Check it out yourself

c4+ is a losing move, while Ba4+ is the correct one.

What's going on? Doesn't Stockfish take into consideration closed positions at all?

Rewan Demontay
  • 16,942
  • 4
  • 65
  • 109
William Kinaan
  • 347
  • 2
  • 8
  • 7
    There are lots of positions that Stockfish doesn't evaluate correctly (including some common endgames). – Qudit Jul 08 '19 at 01:11
  • 11
    Happens all the time! It's a piece of software, not a God – David Jul 08 '19 at 08:43
  • 4
    It would make me quite happy to see a scenario in a similar vein that's assessed completely wrong by AlphaZero or Leela Zero! – leftaroundabout Jul 08 '19 at 10:17
  • Stockfish certainly sees the position after 1.Ba4+ Kxa4 2.b3+ Kb5 3.c4+ Kc6 4.d5+ Kd7 5.e6+ any 6.f5. It's only eleven ply. So the real question is: why doesn't Stockfish see that the position after 6.f5 is a draw? – TonyK Jul 08 '19 at 18:39
  • @TonyK That's because Stockfish doesn't understand that black can never break through. It just sees that it is down a ton of material. Stockfish evaluations are based on calculation. It doesn't understand that the pawn structure is locked and material doesn't matter. – Qudit Jul 08 '19 at 18:44
  • 1
    @Qudit: Yes. I was just pointing out that the question should focus on precisely this aspect, rather than starting from the position as given. Sorry if I didn't make that clear. – TonyK Jul 08 '19 at 19:06
  • Hmm my local installation of stockfish 10 is giving me e5f6 on same depth. wonder what is the source of the difference – OganM Jul 08 '19 at 20:34
  • 3
    @leftaroundabout Leela misevaluates fortresses all the time as well, see e.g. the end of this game from the TCEC Sufi: https://cd.tcecbeta.club/archive.html?season=15&div=sf&game=31. In fact arguably Leela misevaluates even more than Stockfish, since quite often it will have some nonzero eval while Stockfish stoically displays 0.00, and it takes ages before Leela realizes the opponent is not letting it win. – Allure Jul 09 '19 at 01:05
  • Rule of thumb: If Stockfish doesn't change the evaluation score *at all* for 10-20+ moves (in this case staying at exactly -18.1), it has most likely found a fortress. – Annatar Jul 09 '19 at 14:03
  • I find this laughable.
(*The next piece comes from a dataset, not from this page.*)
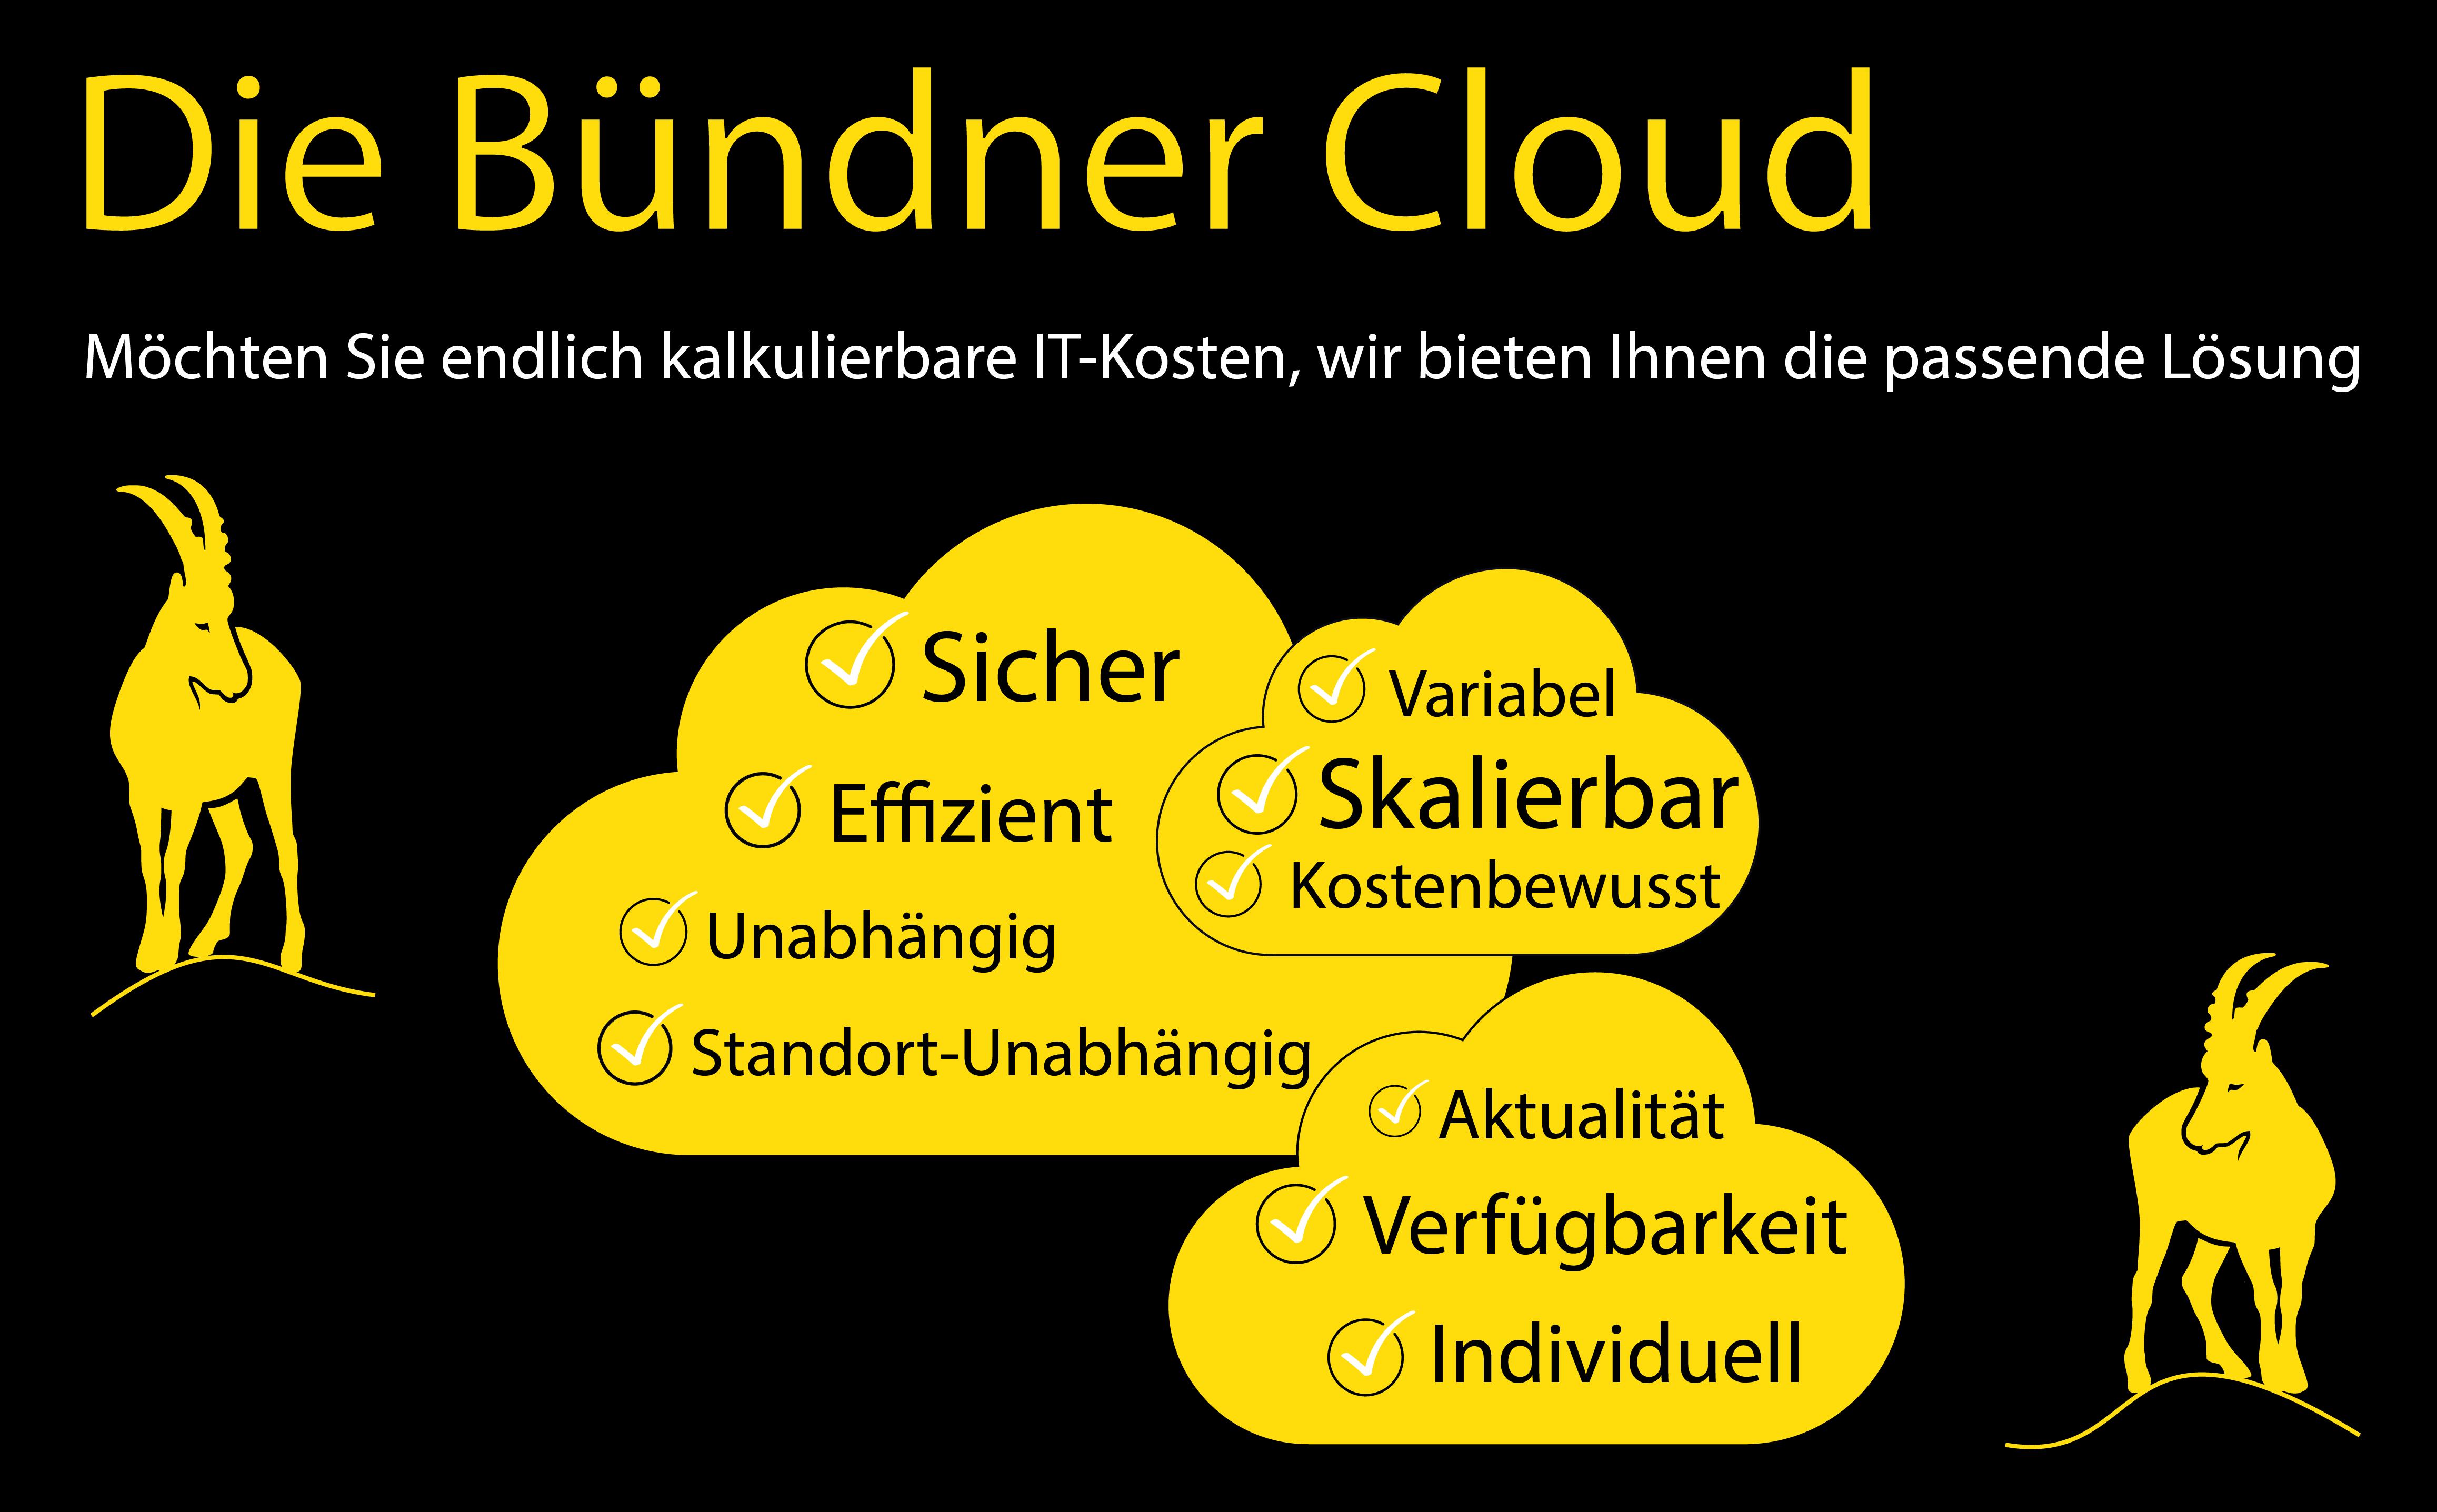 Bündner Cloud
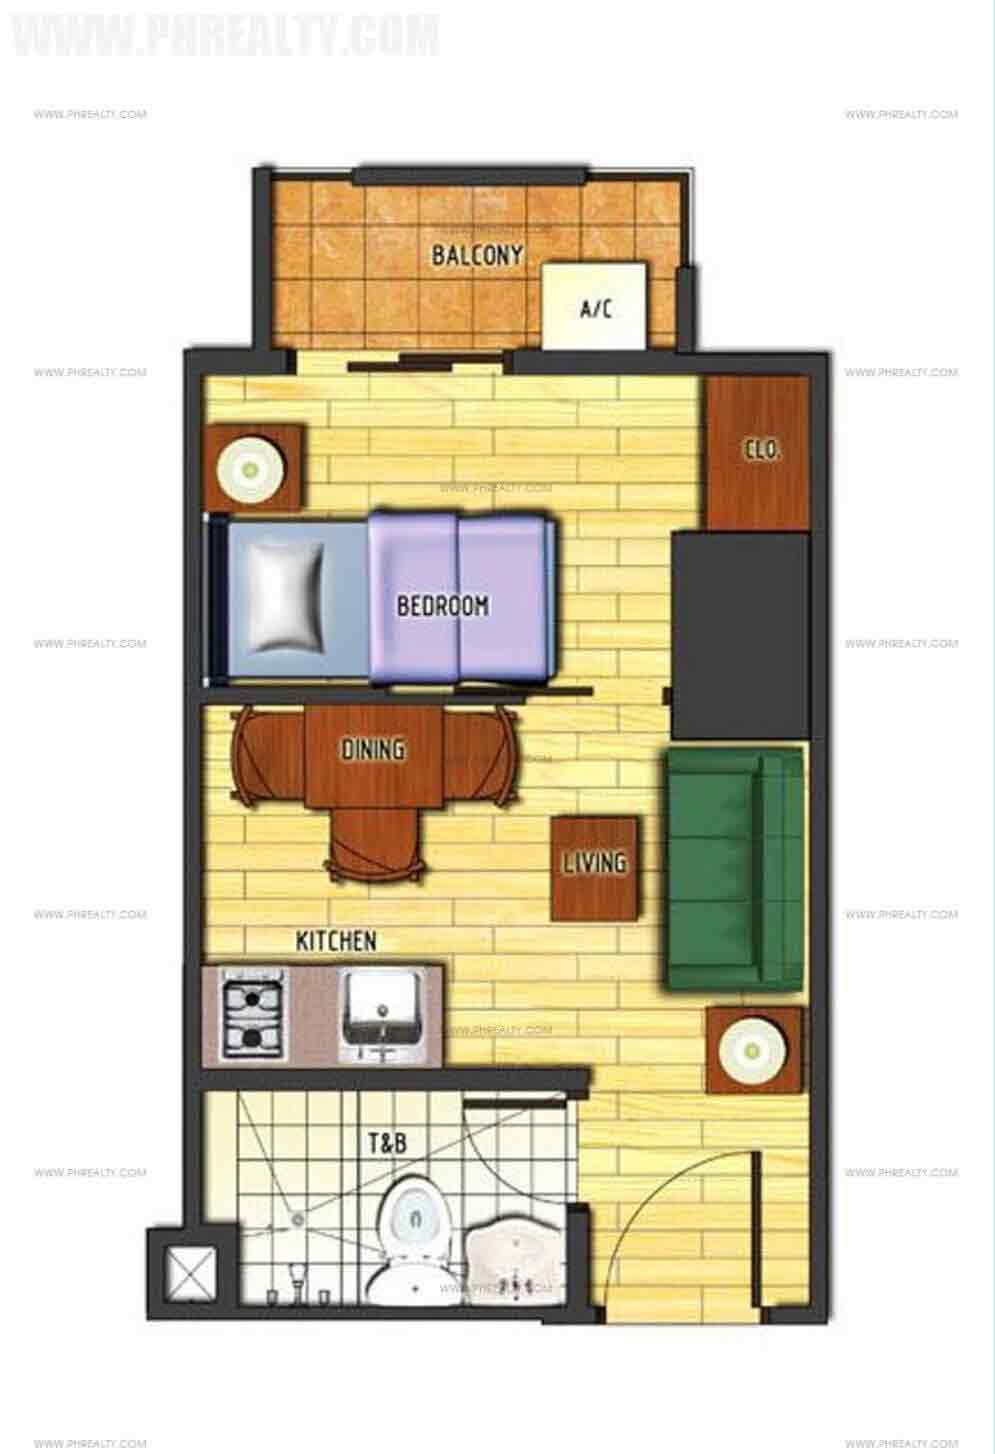 1 Bedroom Cornered Unit Type C

You are getting all upset about a program rated 3450, 600+ points higher than the best human player the world has ever seen, because it cannot see a draw in a position that would never occur in real life. – Randy Minder Jul 11 '19 at 21:04

3 Answers3

27

Stockfish isn't a perfect chess-playing entity, and you've found a position where it's unable to tell is a draw (at least until the 50 move rule kicks in and helps it prune). These positions are called "fortresses". You can tell this is happening because even if you input the solution, Stockfish still evaluates the final position as -10 or more. These fortress positions where Stockfish is dead wrong are few and far between, but they exist, and this is one of them.

There've been various attempts at writing fortress detection code in Stockfish and other conventional engines which are meant to recognize fortresses and stop Stockfish from heading for them if its position is superior. If you have a smart idea, you can probably publish it in an academic journal (see the publications in the chessprogramming wiki).

Allure
  • 25,298
  • 1
  • 65
  • 143
  • https://www.chessprogramming.org/Crystal is a variant of Stockfish that tries to solve tricky positions like fortresses – qwr Sep 20 '22 at 07:36
12

It helps to understand that engines don't really go off of "strategy", so much as they look several moves into the future, evaluate the score of the position, and find the optimal move set.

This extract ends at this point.